Мясо съели, вымыли руки; затем подали кумыс. После того как выпили по пиалушке, Субанчи подал знак мулле, и тот приступил к делу.

— Хоть прекрасноликая Маржангуль и родила четверых, она благоухает, точно распустившийся цветок. Правильно делаете, что не отпускаете ее от себя, от своей семьи. Иначе кто знает, перед чьей еще плохой дочерью придется вам унижаться… Если умер Калматай, то у вас остался не менее достойный Мамырбай — это ваше счастье. Милую мою Маржангуль я не сравню ни с одной из невесток. Нам что, нам от них нужны только теплые слова. Мне нравится, что она никогда не пересекает мне пути, при встрече всегда сдержанно, уважительно кланяется; повторяю про нее людям: «Она, оказывается, почтительная». Есть такие, милый, — мулла оборотился к Мамырбаю, — которые, задрав носы, точно косули, бегущие вверх по склону, готовы тебя сбить, встретившись на дороге. Почтительность еще никому не приносила вреда… — Мулла попросил налить в чайную пиалу воды, поставил ее перед собой и продолжал говорить: — Неужели вы расшвыряете столько богатства — скот, четверых детей? Богатство скапливается по копейке, а разбрасывается тысячами… ведь деньги на дороге не валяются. Дитя мое, Мамырбай, если ты способен рассудить здраво, говорю тебе: будет правильным внять словам матери и отца твоих, не разорять свитое гнездо, не портить обычая, оставшегося от дедов… женись на своей невестке Маржангуль — она женщина, достойная своего имени[50], достойная всяческих похвал. Если станете жить дружно, счастье само потечет в ваши руки.

Сказав главное, мулла Картан принялся тихонько читать молитву.

Почтенный Субанчи задумался о чем-то, перестал следить за речью гостя, и лишь настойчивые знаки Калыйпы вернули его к происходящему.

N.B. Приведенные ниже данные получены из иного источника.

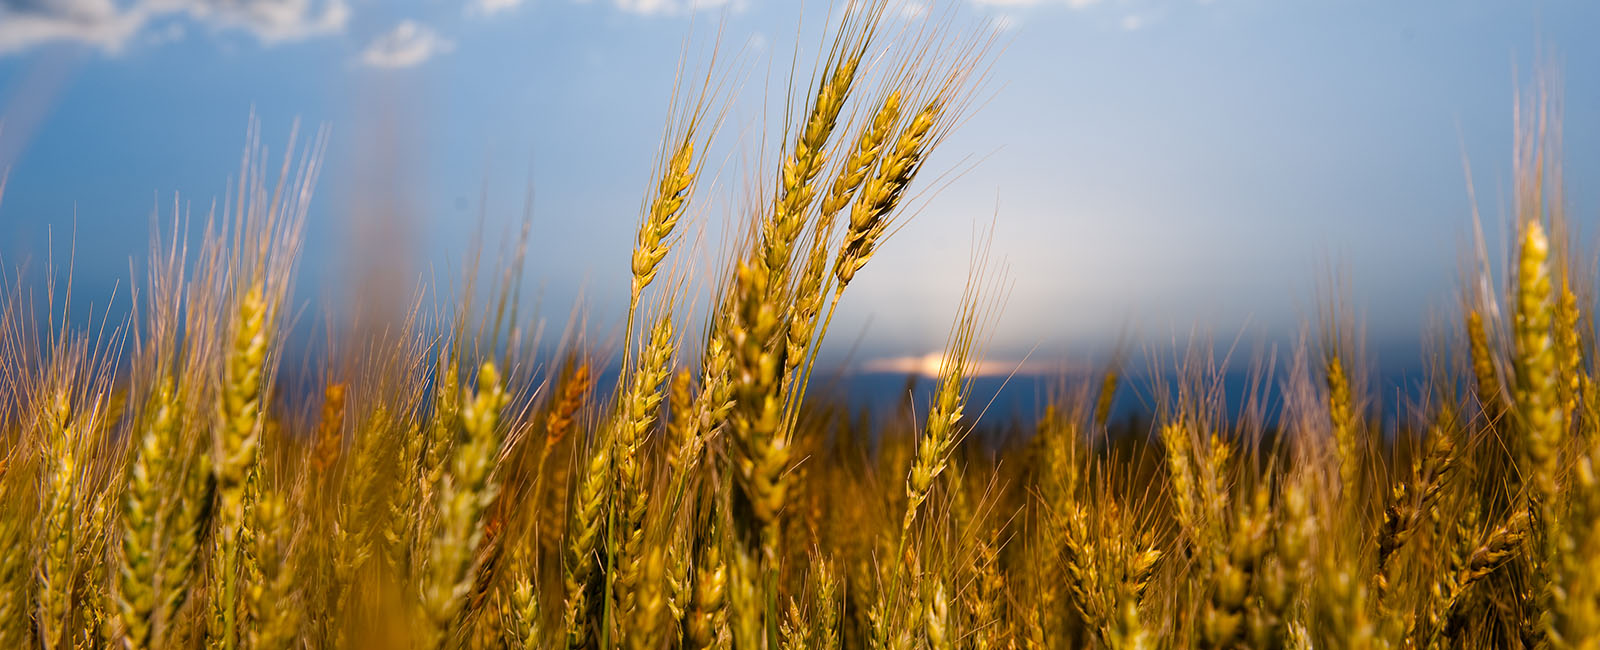 This image shows a field of wheat.

— Истинные слова! — хоть и с некоторым запозданием, выразил он поддержку произнесенному муллой.

— Согласна? Тогда скажи вслух, что согласна, пригуби и передай туда, — говорил меж тем мулла, протягивая молодке пиалу с водой. Маржангуль, делая вид, что стесняется, приняла пиалу, опустила глаза и чуть погодя проговорила тихо: «Согласна»; сделала глоток и протянула пиалу Мамырбаю. Мулла, обеспокоенный бледностью и немотой Мамырбая, нарочно предложил брачную пиалу сначала Маржангуль. Как бы там ни повернулось, а половина дела уже сделана, — значит, хозяева должны заплатить условленное.

Мамырбай сердился на родителей, на Маржангуль, то бледнел, то краснел, слезы душили его, от напряжения сжимались кулаки. Он не посмотрел на протянутую пиалу, отодвинулся к стенке юрты и проговорил глухо:

— Перестаньте!

Все, кроме Маржангуль, с трех сторон облепили Мамырбая, начали его уговаривать. Видя его непоколебимое упорство, начали пугать. Отец в запальчивости хлопал ладонями по полу. Мулла, сидевший рядом, несколько раз успокаивал, сдерживал почтенного Субанчи.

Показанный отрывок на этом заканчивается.